ICLC 2003

Learning and Representation of Verbal Humour:
the Case of Limericks

Greg Lessard, French Studies, Queen's University, Canada

Michael Levison, School of Computing, Queen's University, Canada

Keywords: verbal humour; natural language generation; learning

Let us begin by distinguishing verbal humour from jokes. The first is in principle non-narrative and does not necessarily provoke laughter, but rather an appreciation of cleverness. The second is in principle narrative and has as its goal to provoke laughter. (See Lessard, Levison & Venour, 2002, for a discussion of the distinction.) In what follows, we will restrict ourselves to the examination of verbal humour, leaving open the issue of whether what we find is also applicable to jokes.

There is evidence that the generation of humour is a rule-governed activity. For example, mechanisms capable of generating verbal humour may be formalised in terms of algorithms and used to generate actual humorous utterances. In earlier work, using the VINCI natural language generation environment (www.cs.queensu.ca/CompLing), we have shown this to be the case for several subclasses of verbal humour, including Tom Swifties and several classes of riddles. (See Lessard & Levison, 1992, 1993, and also Binsted & Ritchie, 1997). This does not mean that we suppose the specific algorithms used in generation to exist as internal mental representations in speakers, but only that the productions observed in humans admit of formalisation.

Inasmuch as they are formalisable, it is reasonable to ask to what extent such classes of verbal humour are also learnable. In earlier work (Lessard & Levison, 1995), we analysed an online discussion of Tom Swifties to show that over the course of the discussion, there was evidence that participants took up and extended earlier examples of puns to produce new, related, instances. In the paper proposed here, we will examine this phenomenon in more detail, using limericks as our subject matter. Limericks have the advantage of being at the boundary of verbal humour and jokes. They are highly constrained at the formal level, but they contain rudimentary narrative elements.

We will begin by using the VINCI environment to show that, like puns and riddles, limericks also admit of formalisation and generation by machine. We will then present the results of the following experiment. Adult native speakers of English are each asked to produce an instance of a limerick. These are evaluated in terms of the traditional definitions of the form (see for example Bibby, 1978). Afterwards, subjects are subjected to one of three test conditions: no instruction, provision of further examples of limericks, and explicit instruction on the form of limericks. Test conditions are randomized across subjects. Subjects are then asked to produce additional examples of limericks and these are compared with the baseline provided by their pre-test performance. The goal of the exercise is first to determine whether implicit or explicit instruction leads to learning as compared to the pre-test condition (learning being measured as improved performance), and second whether there exists any measurable difference between the results of implicit and explicit instruction. Discussion of the results will be used as the basis for more abstract consideration of the mechanisms of humour from the point of view of production.
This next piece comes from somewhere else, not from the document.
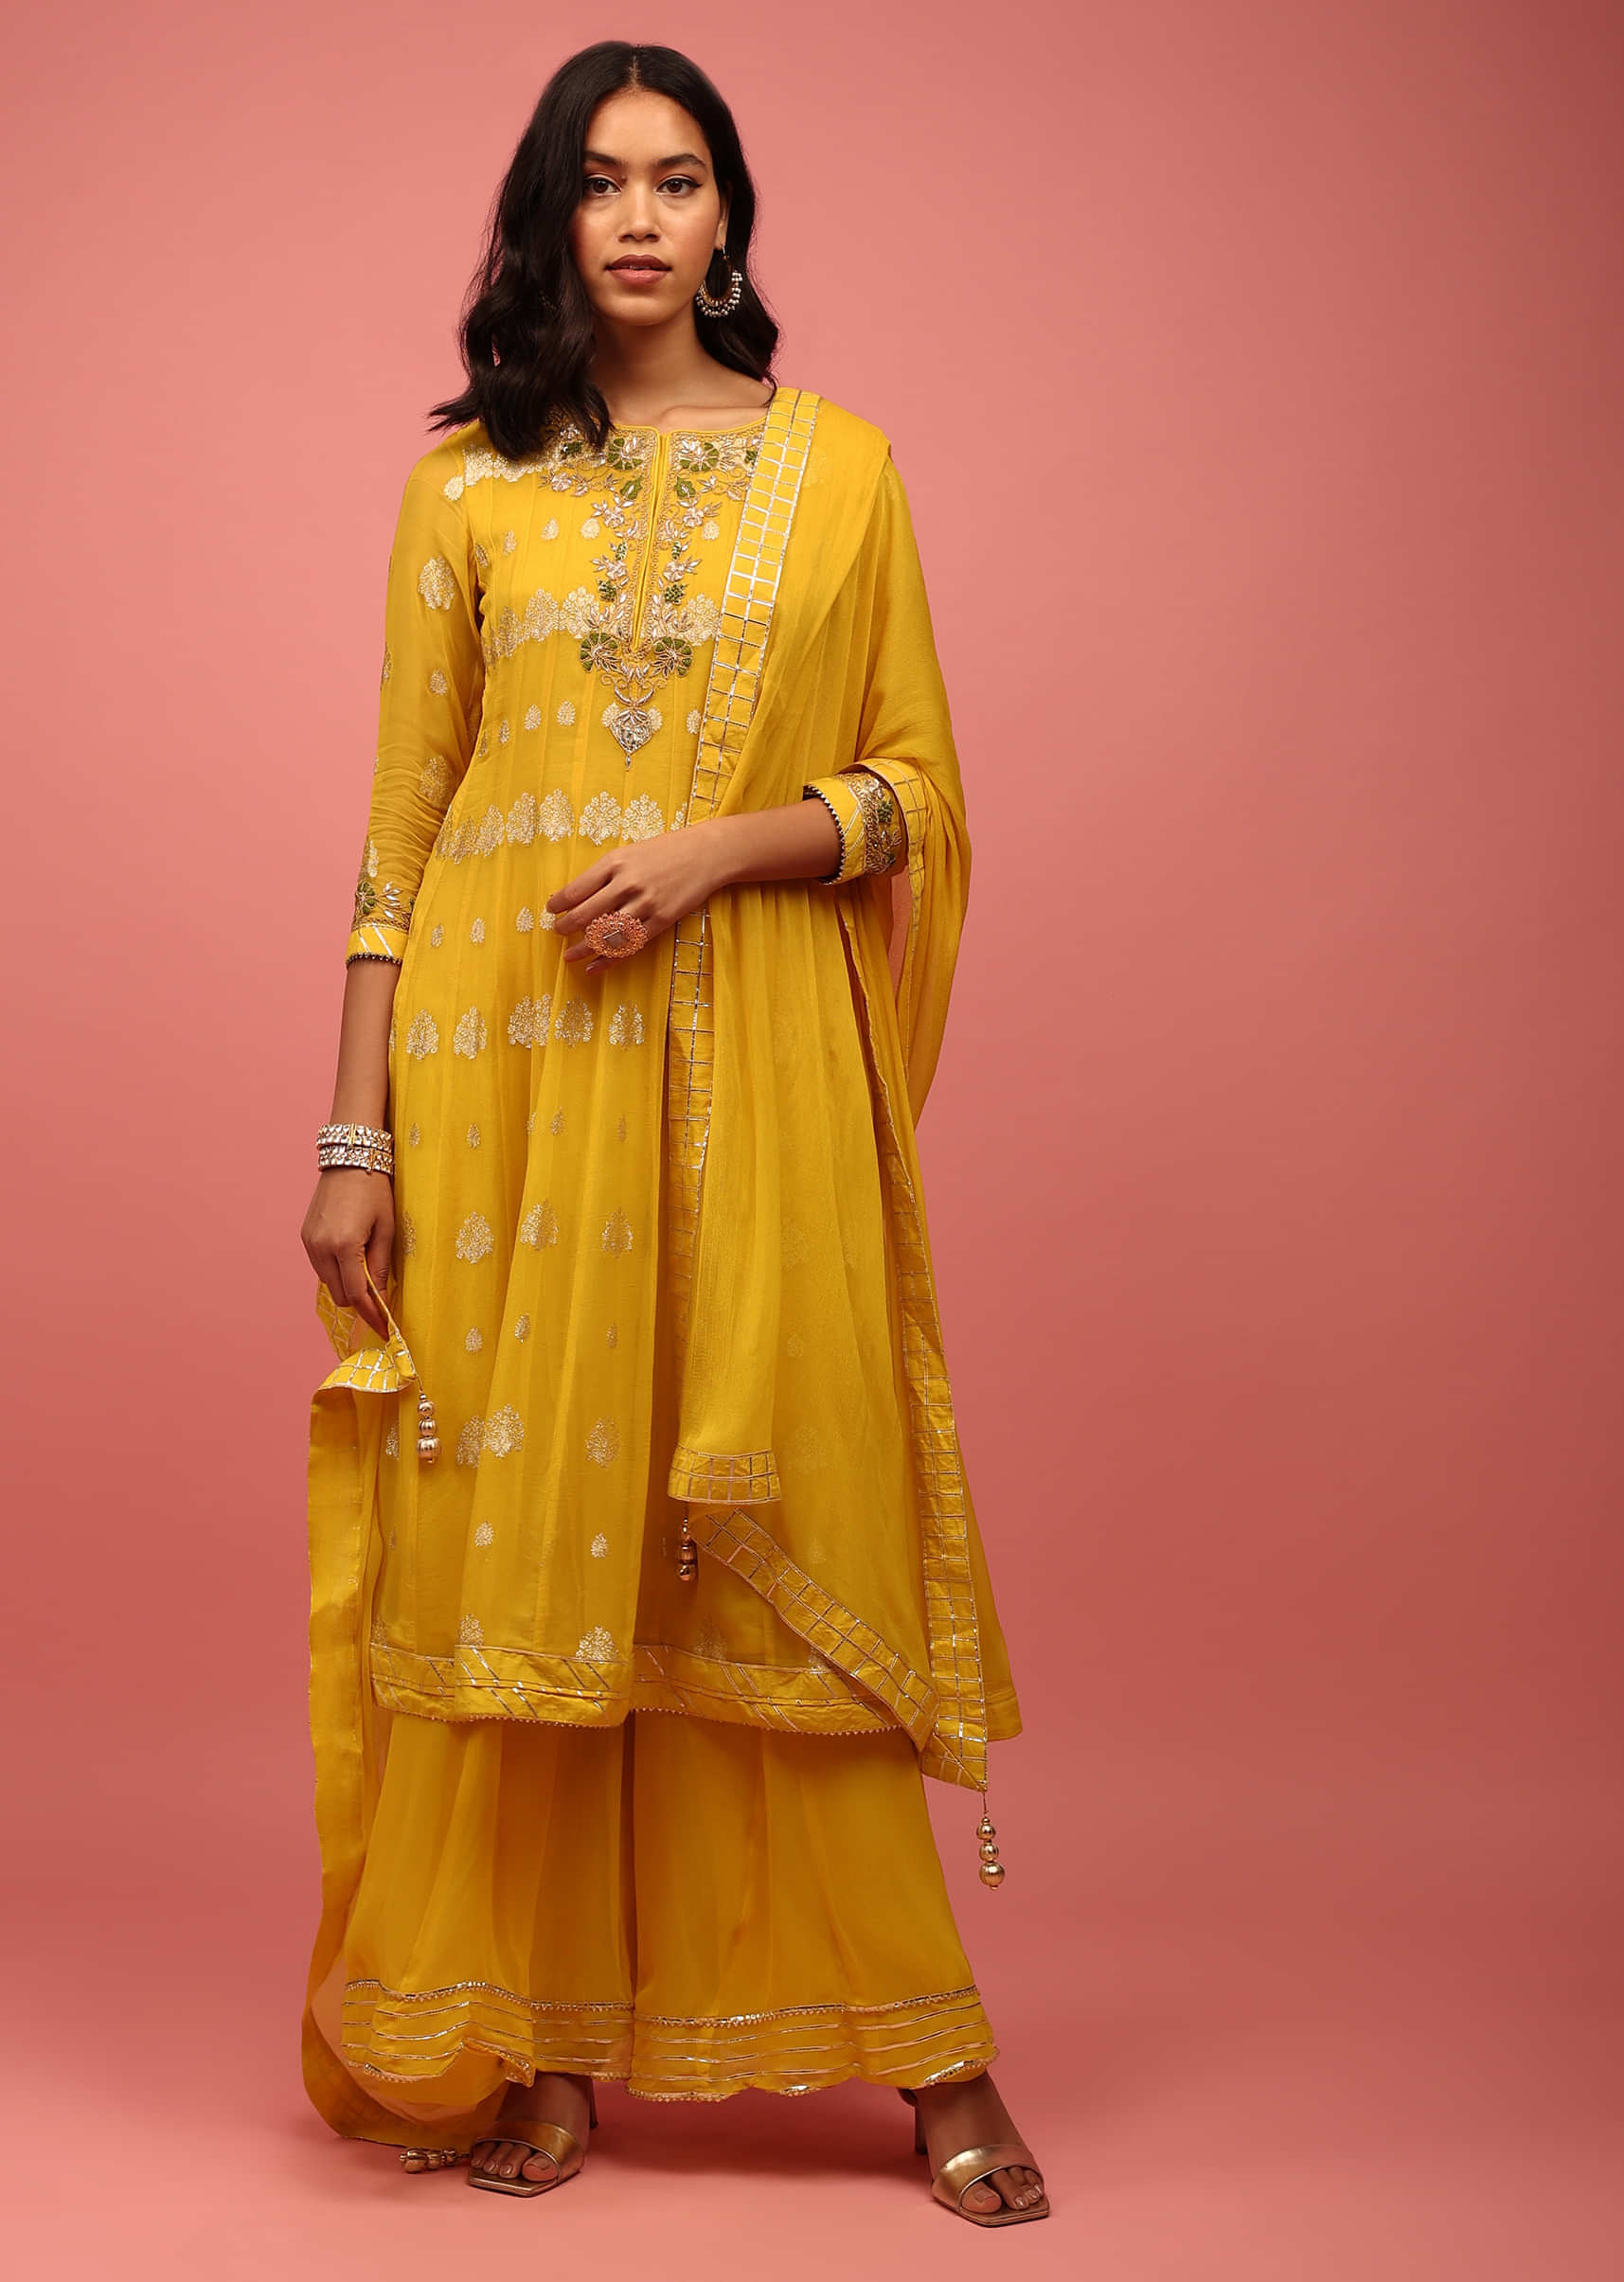 Chrome Yellow Anarkali Suit Set In Banarasi Georgette, Embellished With Brocade And Zardosi Work

Bibby, Harold Cyril. (1978) The Art of the Limerick. Hamden, Conn. : Archon Books.

Binsted, Kim; Ritchie, Graeme. (1997) Computational rules for punning riddles. Humor, 10 (1), pp.25-76.

Lessard, Greg; Levison, Michael; Venour, Chris. (2002) Cleverness versus funniness. April Fool's Day Workshop on Computational Humour, Trento.

Lessard, Greg; Levison, Michael. (1997) Rule-governed wordplay and creativity. In Mind II: Computational Models of Creative Cognition, Dublic City University. http://www.compapp.dcu.ie/~tonyv/MIND/greg.html

Lessard, Greg; Levison, Michael. (1995) Linguistic and Cognitive Underpinnings of Verbal Humour. International Cognitive Linguistics Association Conference, Albuquerque.

Lessard, Greg; Levison, Michael. (1993) Computational Modelling of Riddling Strategies. ACH/ALLC Joint Annual Conference, Georgetown University, Washington, DC. (Extended abstract in conference proceedings, pp. 120-122.)

Lessard, Greg; Levison, Michael. (1992) Computational Modelling of Linguistic Humour: Tom Swifties. ALLC/ACH Joint Annual Conference, Christ Church, Oxford. (Extended abstract in conference proceedings, pp. 175-178.)